Re: Parallel INSERT (INTO ... SELECT ...) - Mailing list pgsql-hackers

From Amit Langote
Subject Re: Parallel INSERT (INTO ... SELECT ...)
Date
Msg-id CA+HiwqHJ3sp9hAZF1vM3F55=8kuDnMkESrTACN5A4TMw6JznUg@mail.gmail.com
Whole thread Raw
In response to Re: Parallel INSERT (INTO ... SELECT ...)  (Greg Nancarrow <gregn4422@gmail.com>)
Responses Re: Parallel INSERT (INTO ... SELECT ...)
Re: Parallel INSERT (INTO ... SELECT ...)
List pgsql-hackers
Greg, all

Thanks a lot for your work on this.

On Mon, Feb 8, 2021 at 3:53 PM Greg Nancarrow <gregn4422@gmail.com> wrote:
> Posting an updated set of patches.

I've been looking at these patches, initially with an intention to
review mainly any partitioning-related concerns, but have some general
thoughts as well concerning mostly the patches 0001 and 0002.

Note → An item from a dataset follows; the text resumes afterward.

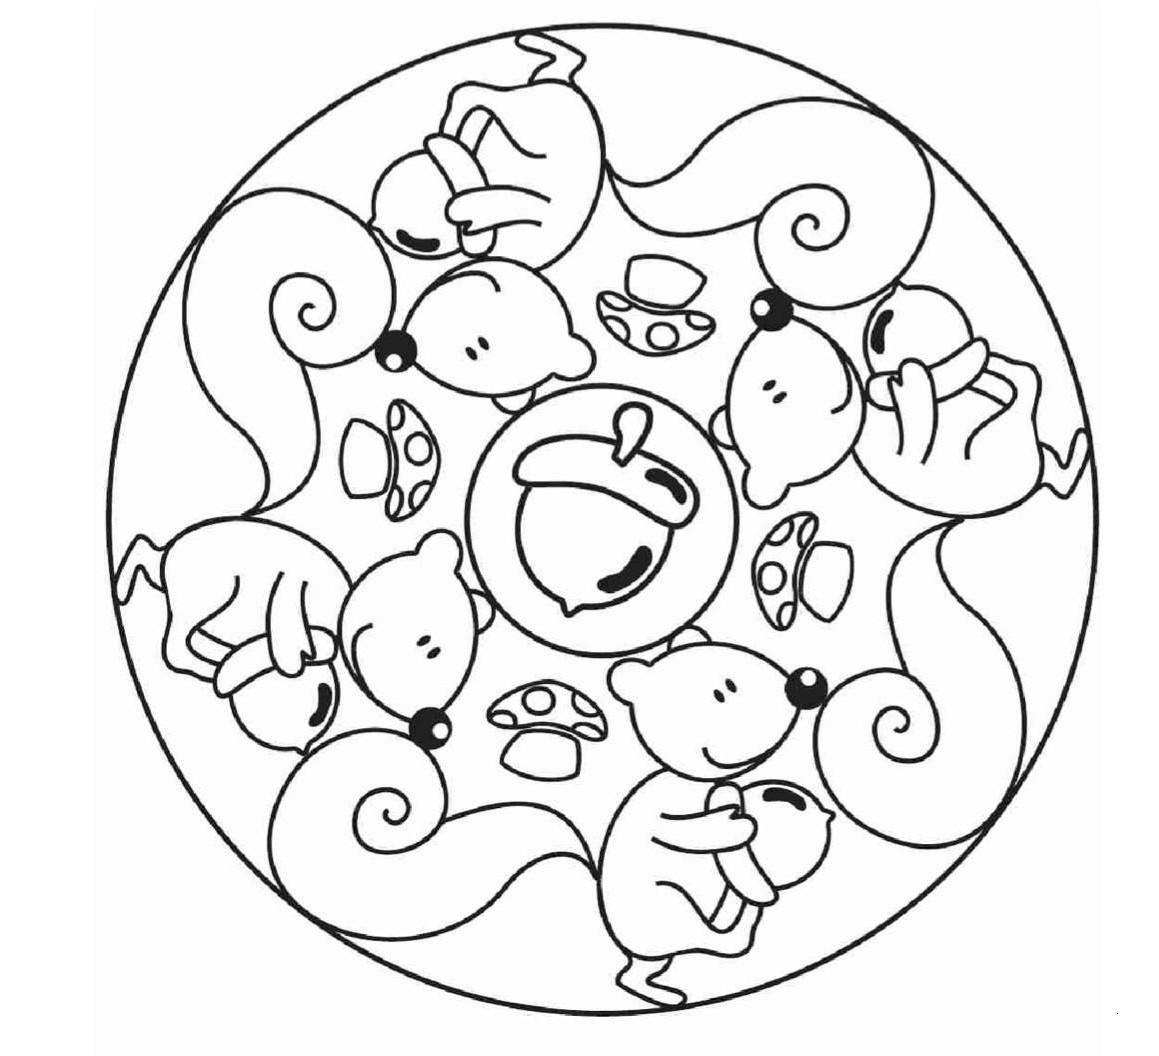 Mandala Herbst Zum Ausdrucken Genial 34 Elegant Malvorlagen Mandala – Malvorlagen Ideen Stock
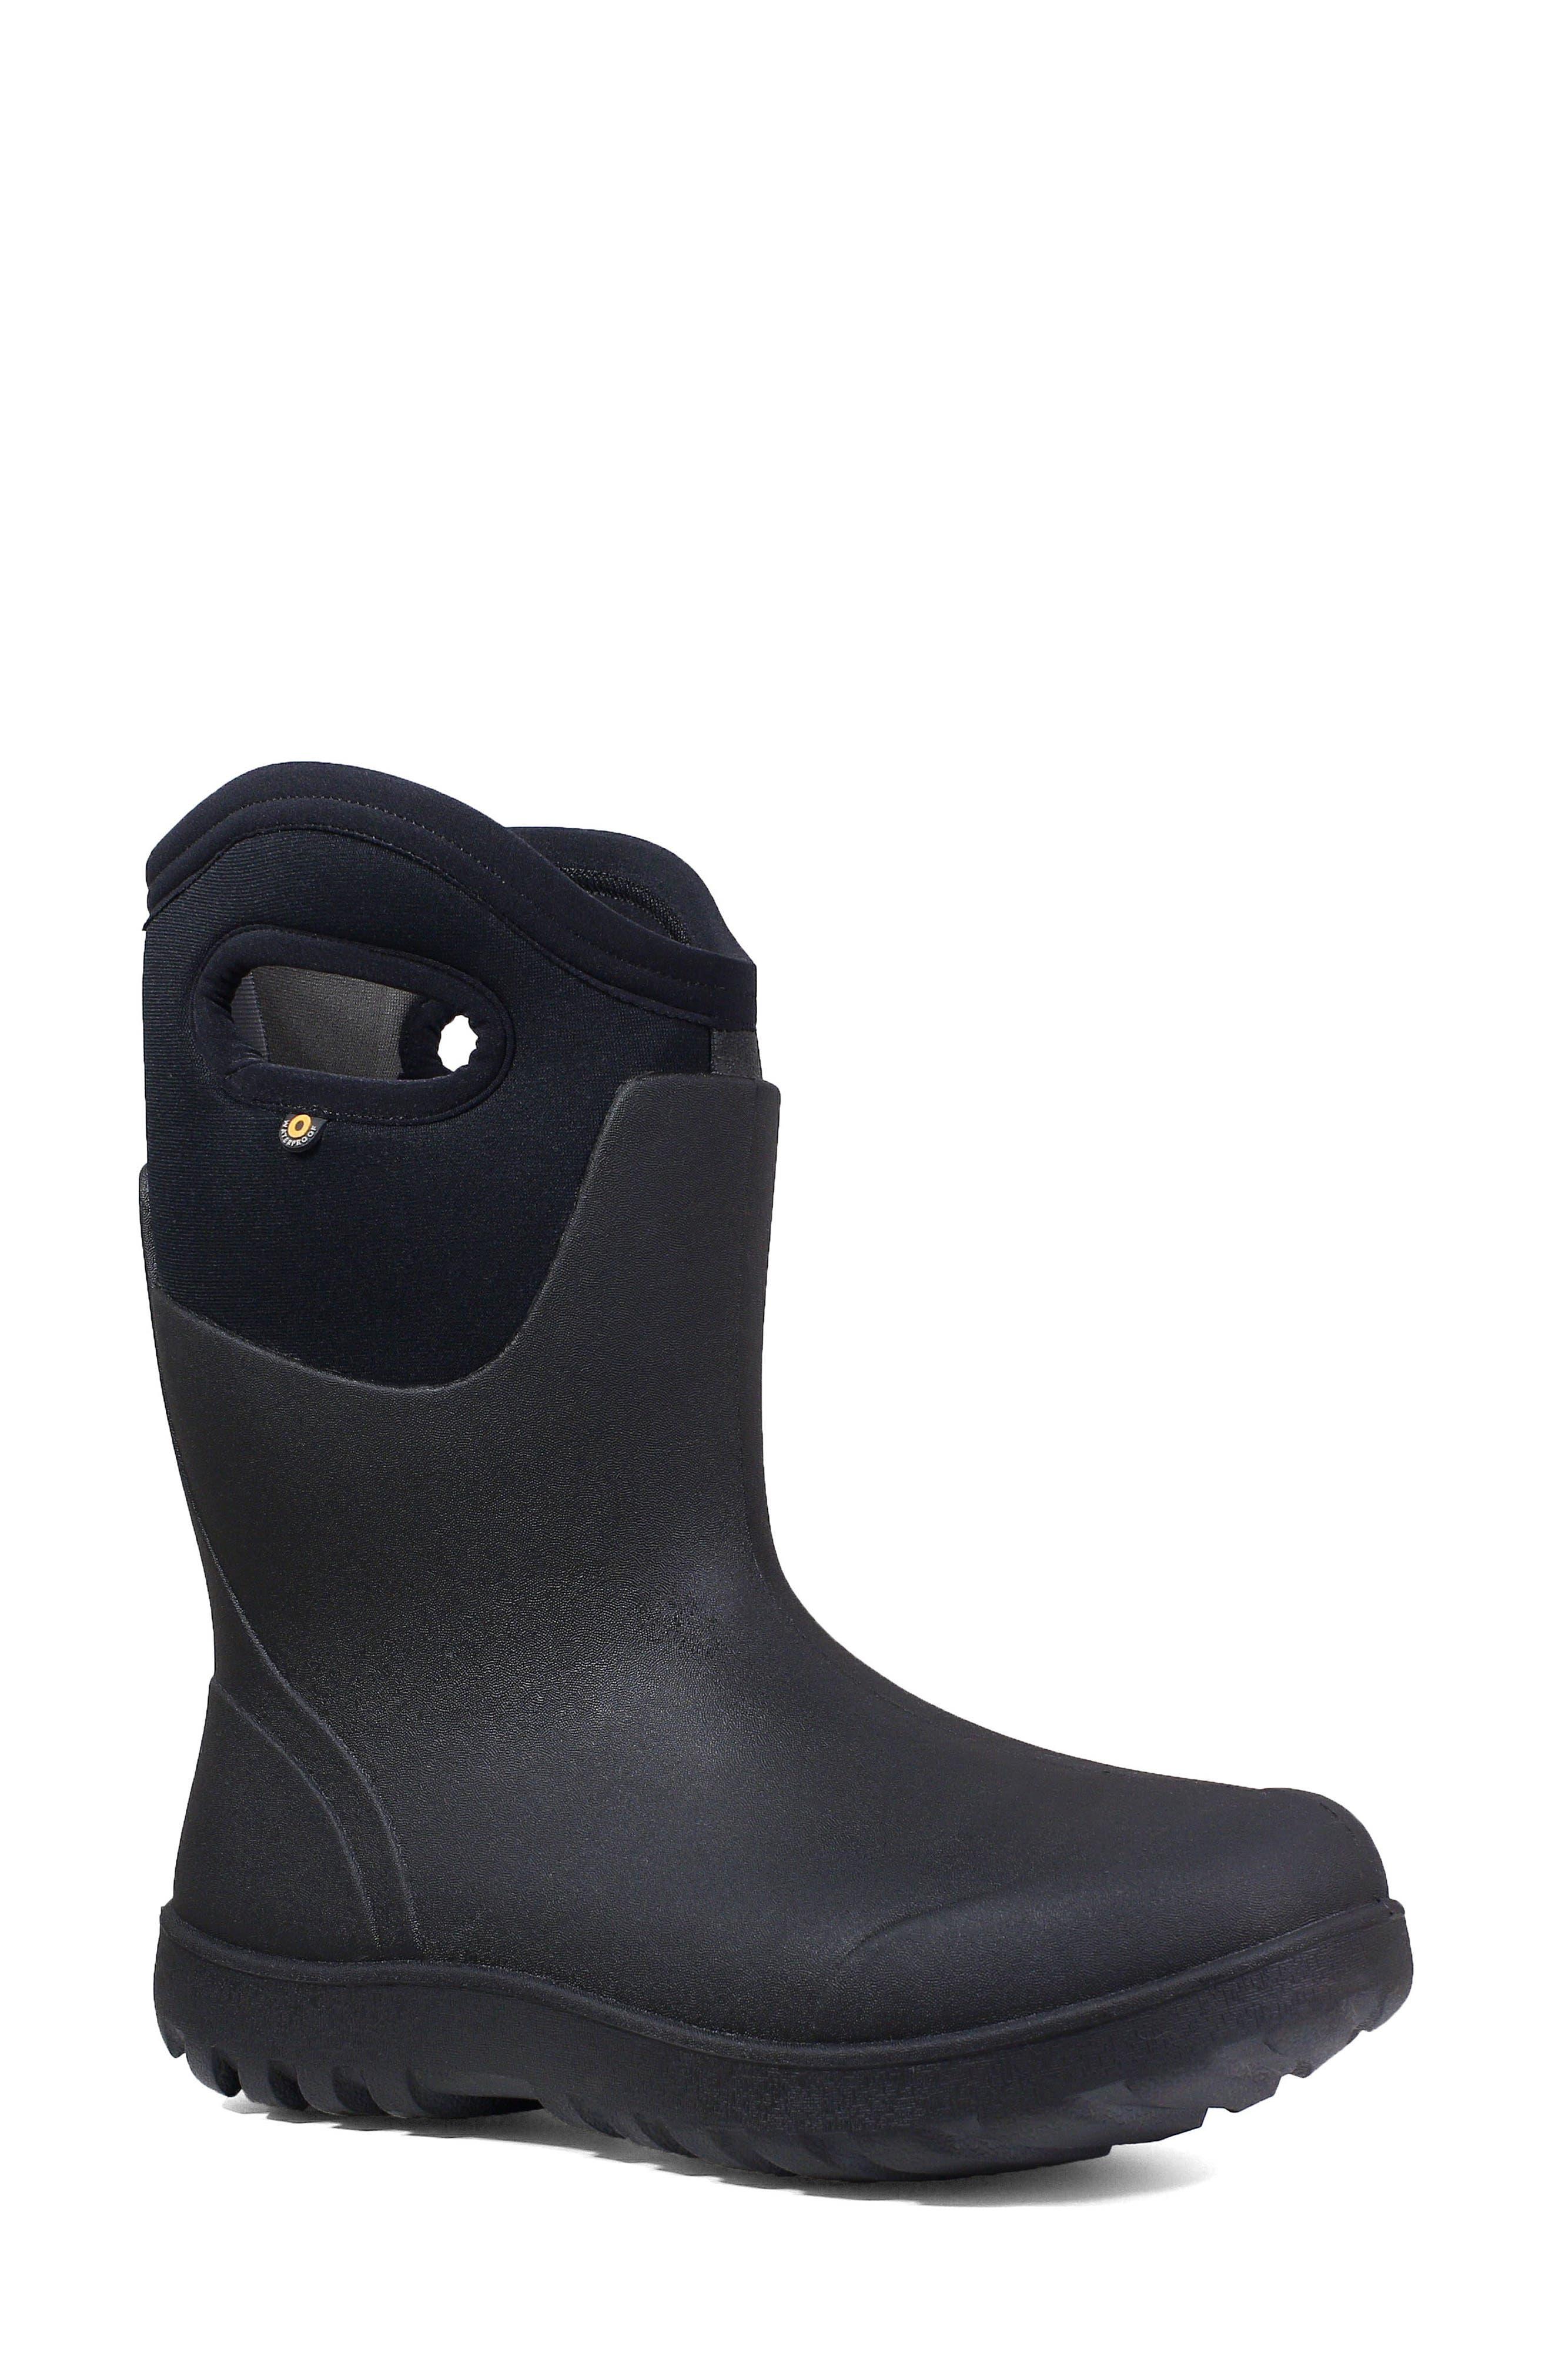 Neo Classic Mid Waterproof Rain Boot

* I've seen review comments on this thread where I think it's been
suggested that whatever max_parallel_hazard_for_modify() does had
better have been integrated into max_parallel_hazard() such that
there's no particular need for that function to exist.  For example,
the following:

+   /*
+    * UPDATE is not currently supported in parallel-mode, so prohibit
+    * INSERT...ON CONFLICT...DO UPDATE...
+    * In order to support update, even if only in the leader, some
+    * further work would need to be done. A mechanism would be needed
+    * for sharing combo-cids between leader and workers during
+    * parallel-mode, since for example, the leader might generate a
+    * combo-cid and it needs to be propagated to the workers.
+    */
+   if (parse->onConflict != NULL && parse->onConflict->action ==
ONCONFLICT_UPDATE)
+       return PROPARALLEL_UNSAFE;

could be placed in the following block in max_parallel_hazard():

    /*
     * When we're first invoked on a completely unplanned tree, we must
     * recurse into subqueries so to as to locate parallel-unsafe constructs
     * anywhere in the tree.
     */
    else if (IsA(node, Query))
    {
        Query      *query = (Query *) node;

        /* SELECT FOR UPDATE/SHARE must be treated as unsafe */
        if (query->rowMarks != NULL)
        {
            context->max_hazard = PROPARALLEL_UNSAFE;
            return true;
        }

Furthermore, the following:

+   rte = rt_fetch(parse->resultRelation, parse->rtable);
+
+   /*
+    * The target table is already locked by the caller (this is done in the
+    * parse/analyze phase).
+    */
+   rel = table_open(rte->relid, NoLock);
+   (void) rel_max_parallel_hazard_for_modify(rel, parse->commandType,
&context);
+   table_close(rel, NoLock);

can itself be wrapped in a function that's called from
max_parallel_hazard() by adding a new block for RangeTblEntry nodes
and passing QTW_EXAMINE_RTES_BEFORE to query_tree_walker().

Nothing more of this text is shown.